Wollstonecraft died at the age of thirty-eight, ten days after giving birth to her second daughter, leaving behind several unfinished manuscripts. Her daughter Mary Wollstonecraft Godwin, later Mary Shelley, the author of Frankenstein, would become an accomplished writer herself.

The Novel
Mary: A Fiction is the only complete novel by the 18th-century British feminist Mary Wollstonecraft. It tells the tragic story of a heroine's successive "romantic friendships" with a woman and a man. Composed while Wollstonecraft was a governess in Ireland, the novel was published in 1788 shortly after her summary dismissal and her momentous decision to embark on a writing career, a precarious and disreputable profession for women in 18th-century Britain.

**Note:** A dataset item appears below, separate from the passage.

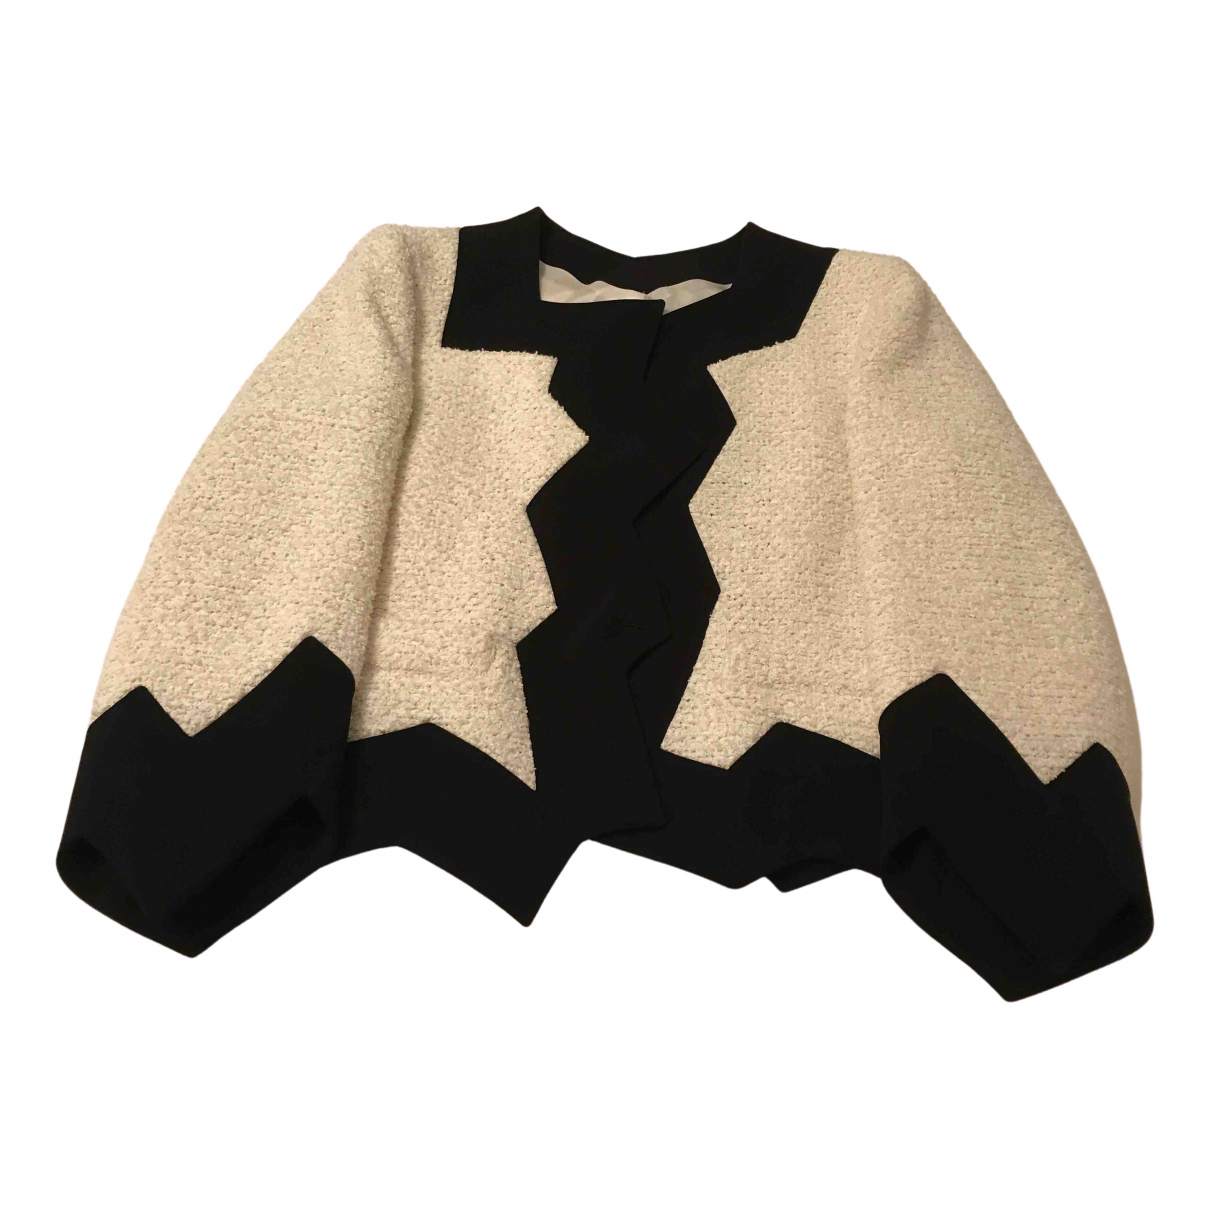 Moschino Cheap And Chic \N Ecru Cotton jacket for Women 8 UK

Inspired by Jean-Jacques Rousseau's idea that geniuses are self-taught, Wollstonecraft chose a rational, self-taught heroine, Mary, as the central character of her novel. Helping to redefine genius (a word which at the end of the 18th century was only beginning to take on its modern meaning of exceptional or brilliant), Wollstonecraft describes Mary as independent and capable of defining femininity and marriage for herself. It is Mary's "strong, original opinions" and her resistance to "conventional wisdom" that mark her as a genius. Making her heroine a genius allowed Wollstonecraft to criticize marriage as well: geniuses were "enchained" rather than enriched by marriage.